Turkmenistan is a country located in Central Asia. It has an area of 488,100 square kilometers and a population of approximately 6 million people. The ethnic composition of Turkmenistan is largely Turkmen (83%), with minorities such as Uzbeks (9%), Russians (7%) and other ethnicities making up the remaining 10%. The majority of the population are adherents to Islam, with around 93% following Sunni Islam and 7% practicing other religions. Education is compulsory for children up to the age of 15 and the literacy rate is estimated to be around 99%. The official language is Turkmen but there are also many other languages spoken throughout the country such as Russian, Uzbek, Kazakh and various tribal languages. The capital city Ashgabat has an estimated population of over 1.5 million people making it one of the largest cities in Turkmenistan. Check hyperrestaurant to learn more about Turkmenistan in 2009.
Turkmenistan has sought to maintain the system of social benefits inherited from the Soviet era: pensions are paid to men at the age of 60, to women at 55. Visit AbbreviationFinder to see the definitions of TKM and acronym for Turkmenistan. Health care, as well as child care, is subsidized by the state and employers. There are 24 doctors per 10,000 residents (2010). Child mortality is relatively high; About 5 percent of children die before they turn five (2015). Substantial subsidies exist, as well as electricity, gas and water up to a certain level, and minimum wages have been introduced. In the country there is a rising unemployment rate, which is mainly due to the rapid expansion of the working-age population. Benefits are paid to the unemployed. Agricultural underemployment is considerable, with low incomes in this sector as a result. Check to see Turkmenistan population.
According to reports from Freedom House and Committee to Protect Journalists are Turkmenistan one of the countries in the world where freedom of the press is least respected. The role of the press is limited to act as a spokesman for the government and the public’s access to other media such as the Internet is controlled.
At the end of May 2006, Niyázov ordered the construction of a seismic measuring station near the Iran border with the aim of detecting possible nuclear test blasts in the neighboring country. The building took place within the framework of the IAEA, which works for the non-proliferation of nuclear weapons.
On December 21, Niyázov died of a heart attack after ruling the country for 21 years. The Security Council appointed Deputy Prime Minister Gurbanguly Berdymujammedov to serve as provisional president until elections could be held. They were printed by Berdymujammedov himself for holding in February 2007. He got 89% of the vote and continued on the presidential post. The opposition stated that the election had been marked by extensive scams. Following the constitution, the chairman of the People’s Council, Ovezgeldi Atayev, should have been appointed president at Niyázov’s death, but Atayev was charged with crime and removed from his post.

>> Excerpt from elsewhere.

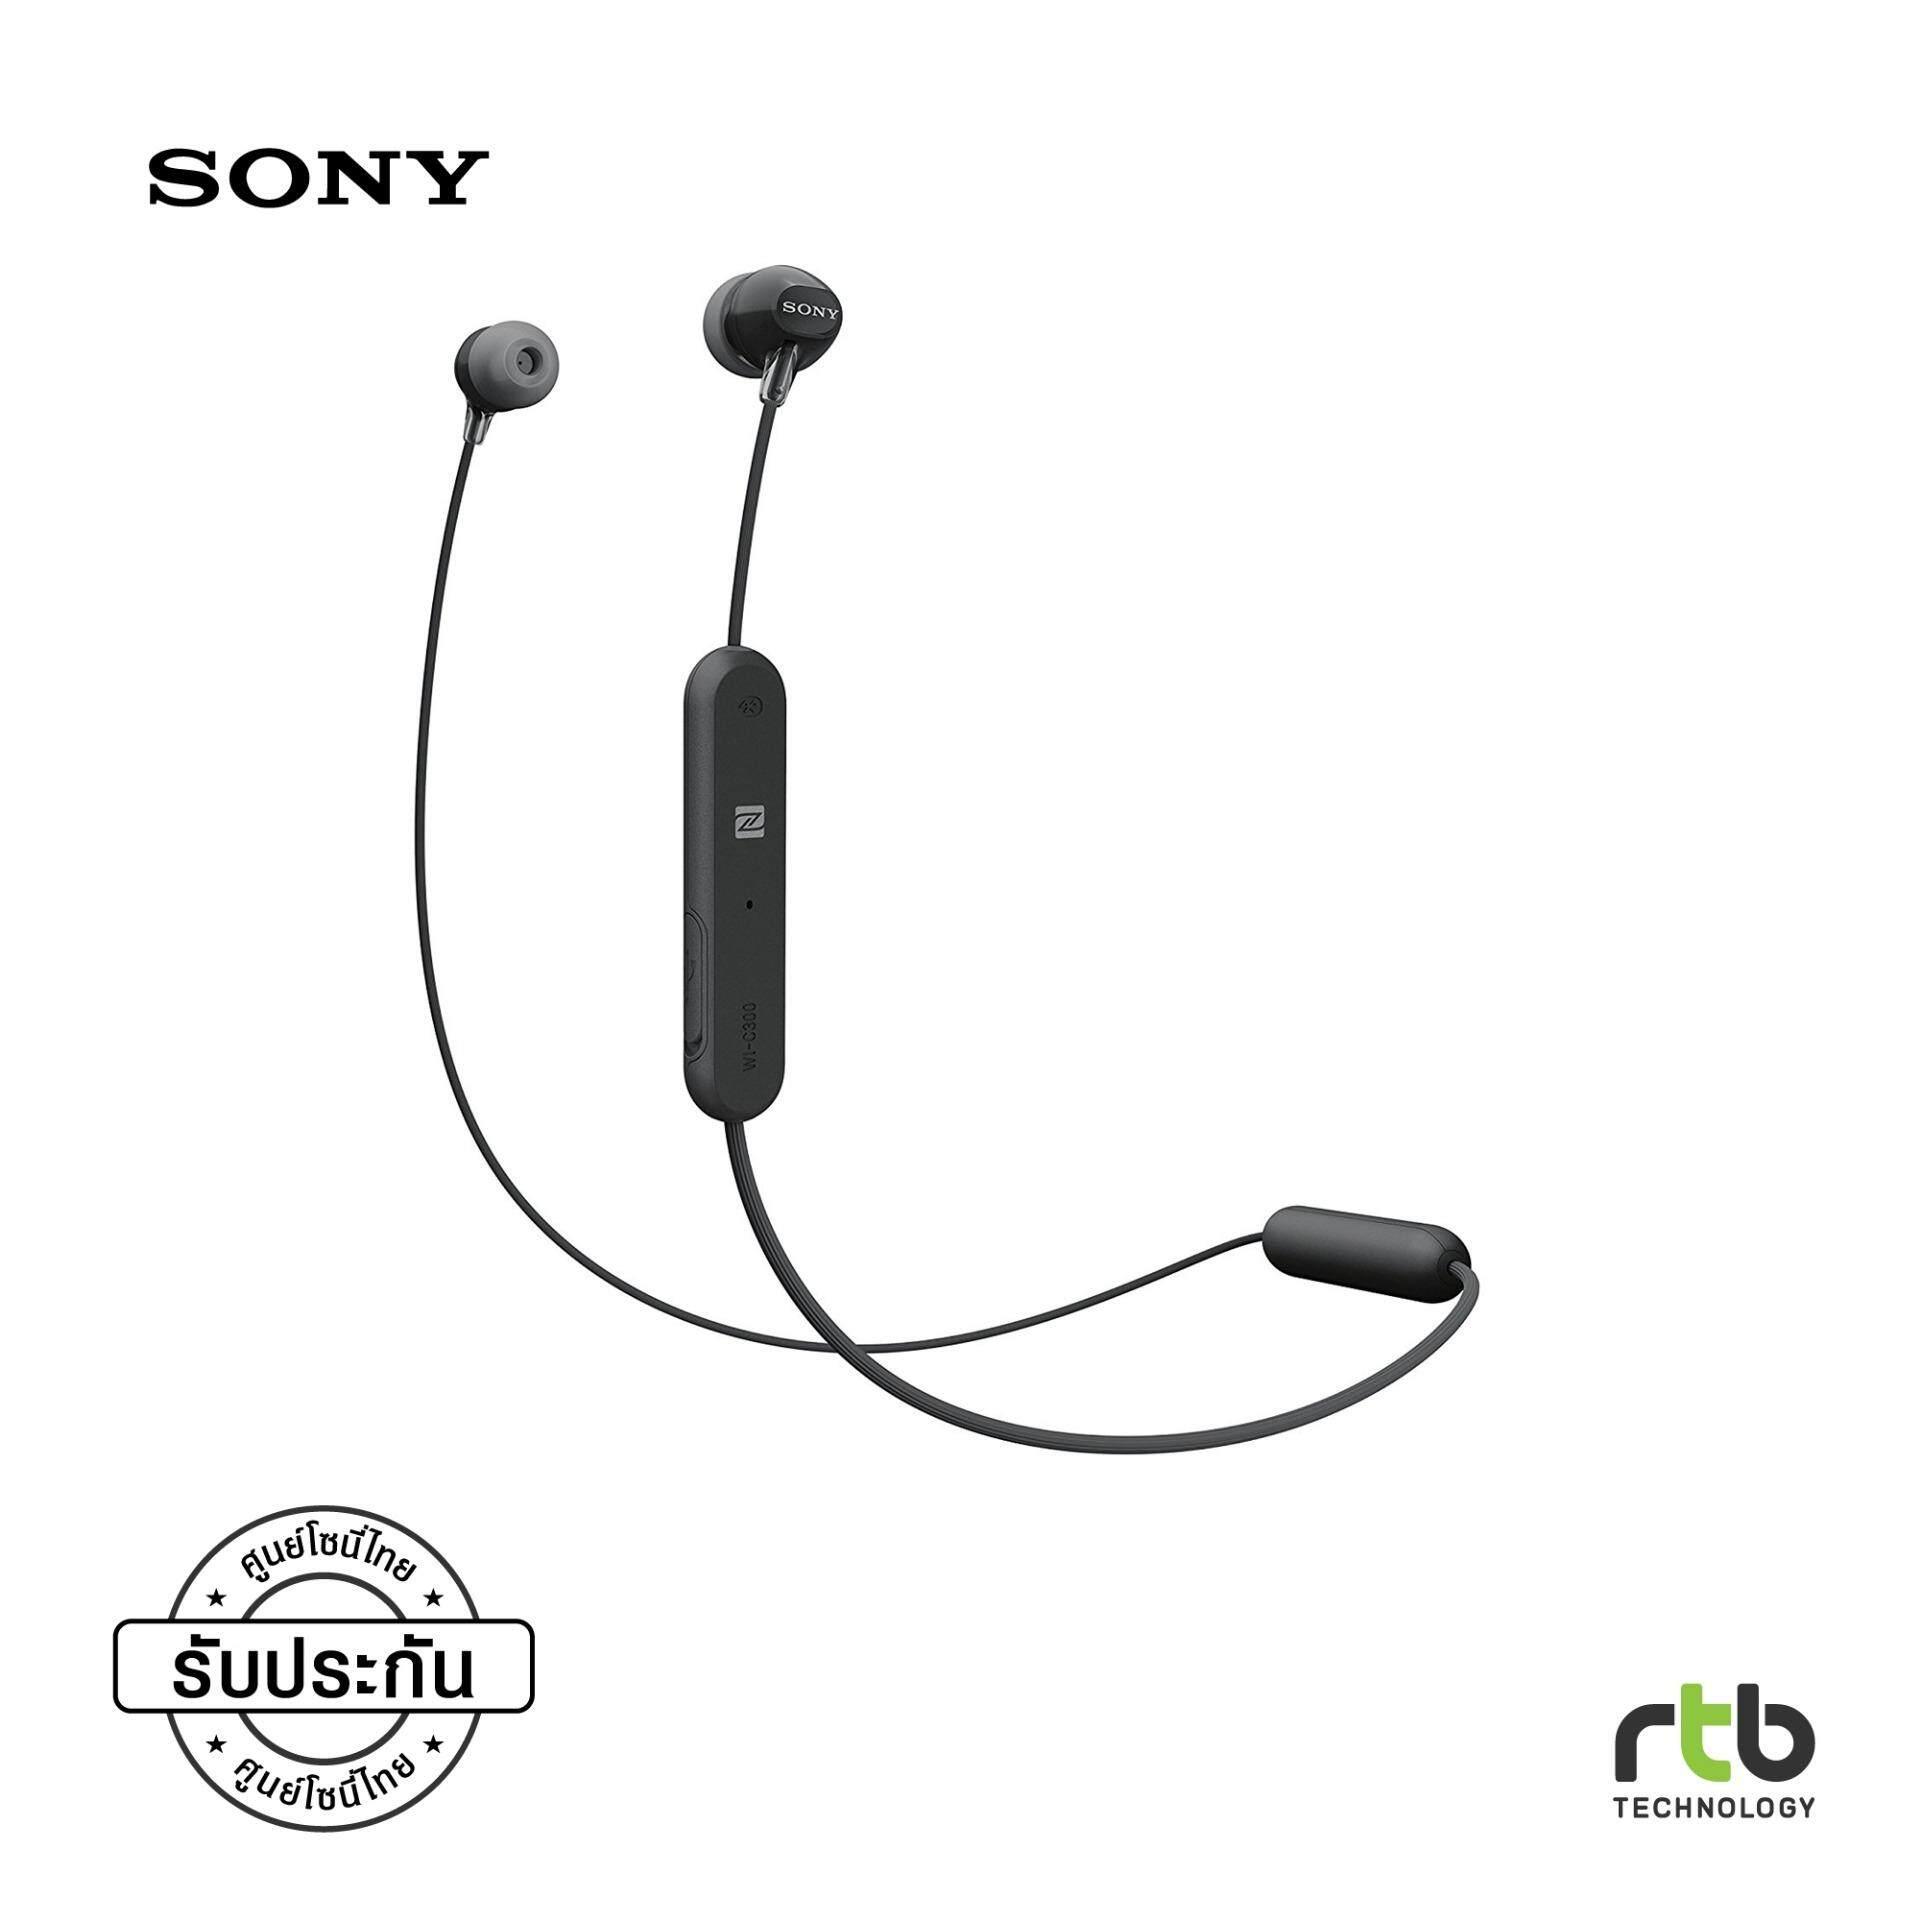 หูฟังไร้สาย Sony รุ่น WI C300 - Black จะร้อนไปไหน Sony เปิดตัวแอร์พกพาติดที่เสื้อ สั่งงานผ่านมือถือ ลดอุณภูมิได้กว่า 13 องศา - จะร้อนไปไหน Sony เปิดตัวแอร์พกพาติดที่เสื้อ สั่งงานผ่านมือถือ ลดอุณภูมิได้กว่า 13 องศา

After his accession, the new president repealed a number of his predecessors’ eccentric policies. He abrogated the president’s right to arbitrarily name places, cities and institutions, and reintroduced the traditional names of the months and days. Niyázov had changed the names with references to himself and his mother. At the same time, he allowed the opening of Internet cafes, expanded schooling from 9 to 10 years and allowed the teaching of foreign languages. Despite the reforms, however, he did not change the basic authoritarian character of the regime.
In December 2009, the first gas pipeline opened to China. It happened in Turkmenistan in the presence of China’s President Hu Jintao. Gas exports to China grew rapidly in the following years, so that in 2013 it accounted for 40% of Turkmenistan’s production. Exports to China compensated for a corresponding decrease in exports to Russia. Two more pipelines were under construction – among other things. a pipeline to the Caspian Sea. The country has the world’s second largest gas field, Galkynysh.
Berdymujammedov was «re-elected» as president in February 2012 with 97% of the vote. Reporters Without Borders reported in their World Press Freedom Index from the same year that Turkmenistan is in second place globally in terms of lack of press freedom.
In January 2012, the government passed a new law legalizing political parties – in addition to the government party. In August, the country’s first opposition party was created: the Party of the Industrial Owners and the Self-employed. In February, President Berdimuhamedow was re-elected with 97% of the votes cast.
Despite some Turkmen responsiveness to international human rights organizations, torture continues to be widespread. Torture was formally criminalized in 2012, but authorities still do not intervene in its use. Local human rights work is only tolerated to a very limited extent and takes place with life as an effort.
In August 2013, President Berdimuhamedow abandoned his membership of the TDP. This was done to strengthen his position as country father by standing over politics.